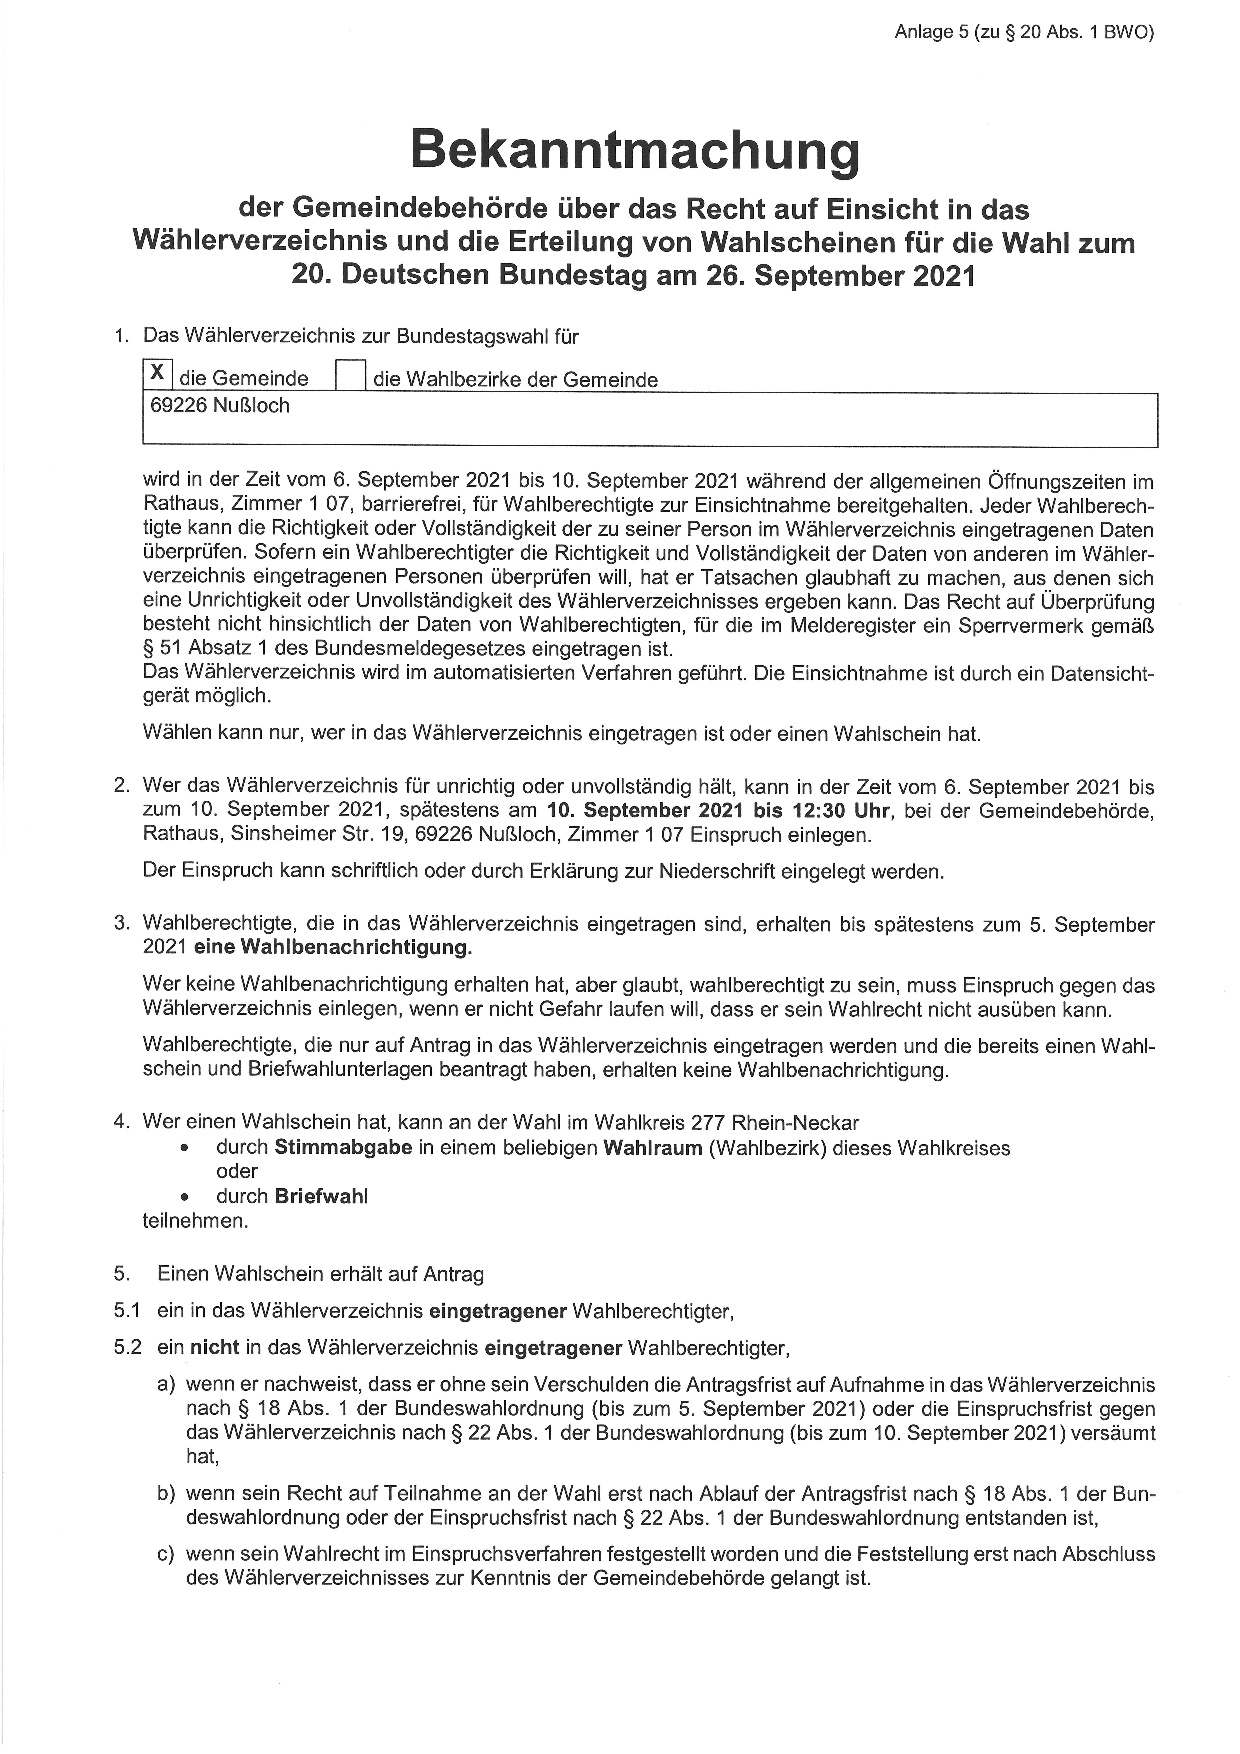 
    
            
                    Bundestagswahl 26.09.2021 Wählerverzeichnis Seite 1
                
        
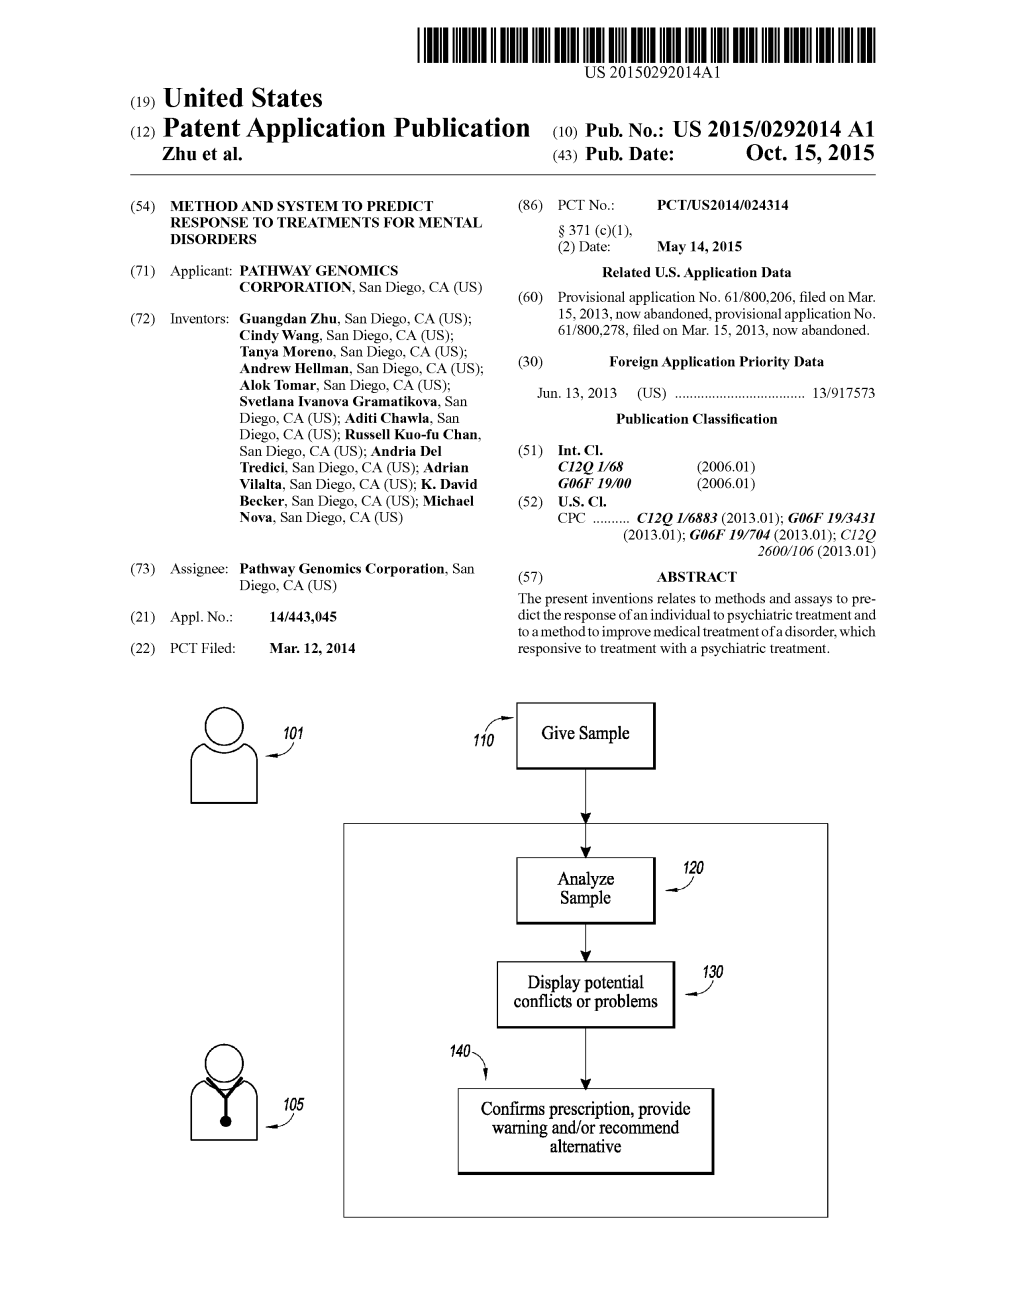 (12) Patent Application Publication (10) Pub. No.: US 2015/0292014 A1 Zhu Et Al
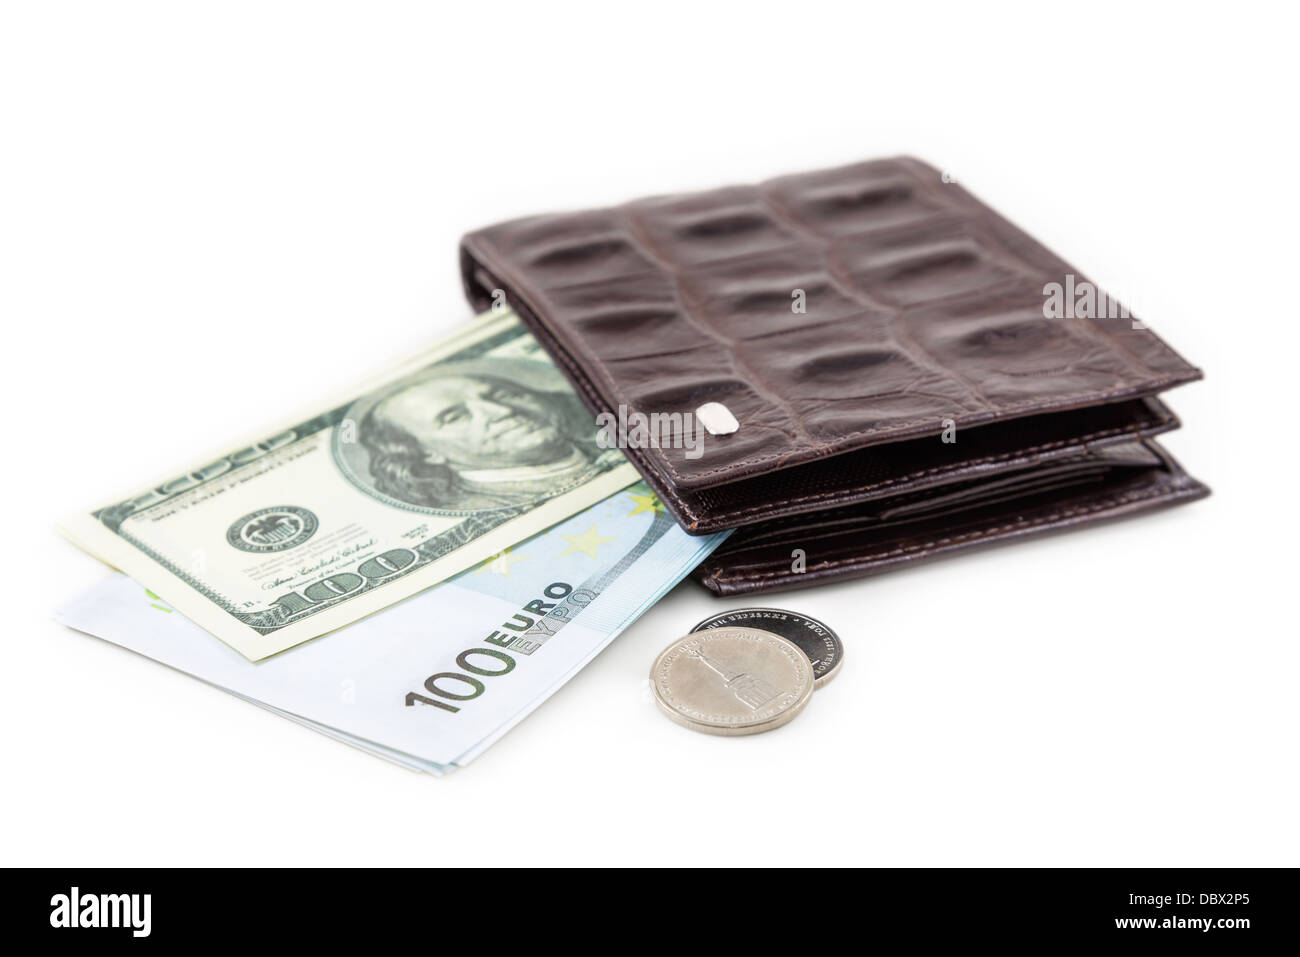 La billetera de cuero marrón con el dólar y el euro es fotografiado en close-up Foto de stock
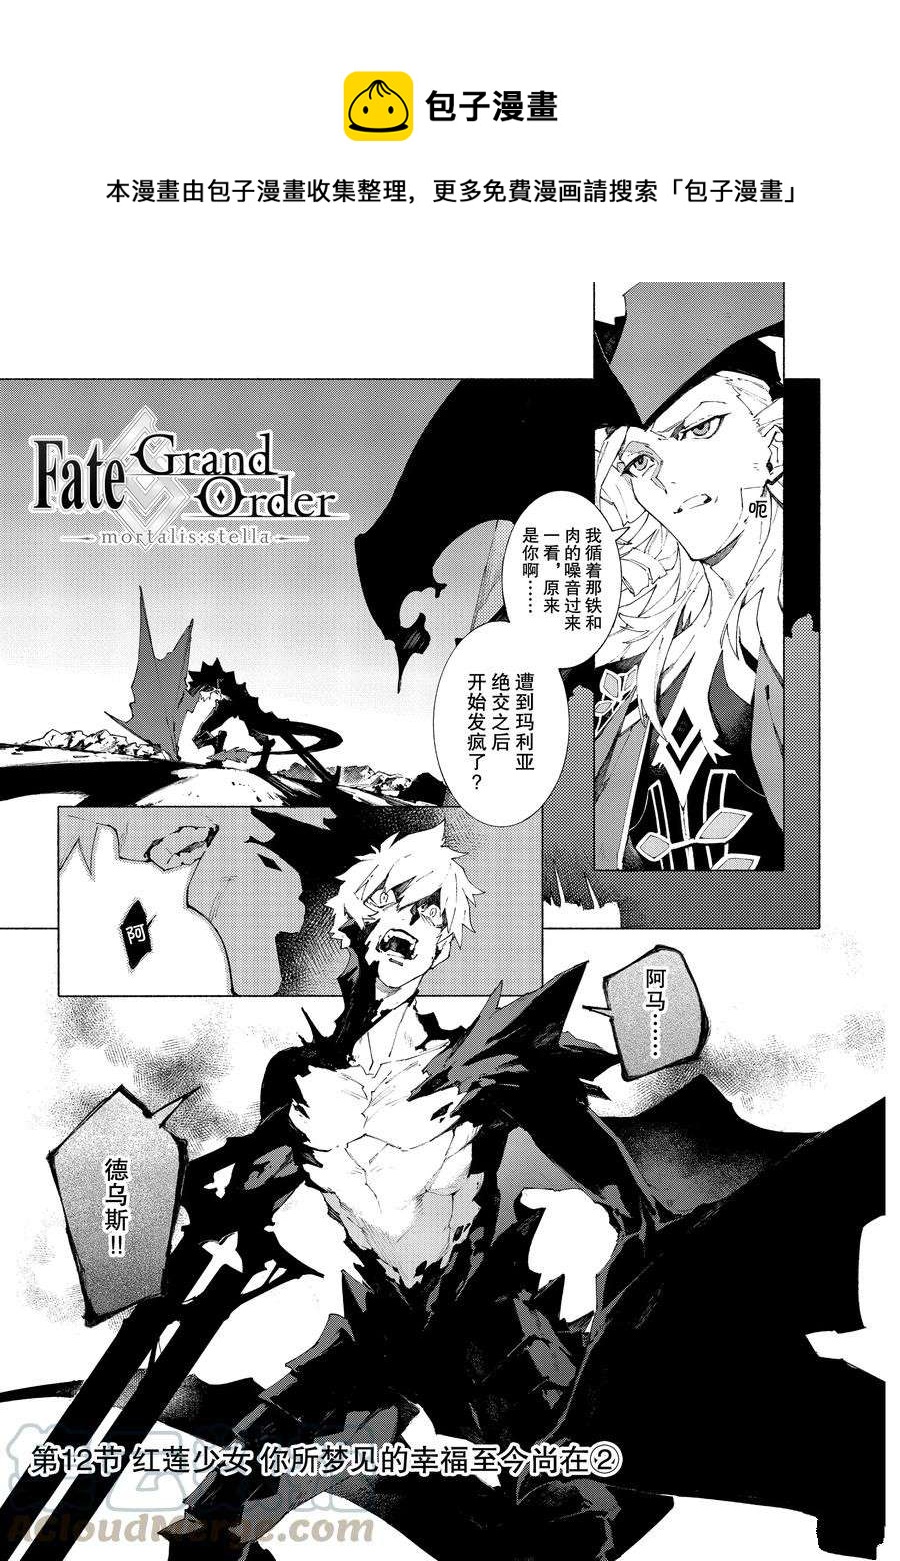 Fate Grand Order-mortalis:stella - 第12.2话 - 1

__WHAT TO WORK ON__. Copy the data word for word, no pictures.

__REPLY TO THE EXERCISE__.
                    Bundestagswahl 26.09.2021 Wählerverzeichnis Seite 1
                
        
 (12) Patent Application Publication (10) Pub. No.: US 2015/0292014 A1 Zhu Et Al
 La billetera de cuero marrón con el dólar y el euro es fotografiado en close-up Foto de stock
 Fate Grand Order-mortalis:stella - 第12.2话 - 1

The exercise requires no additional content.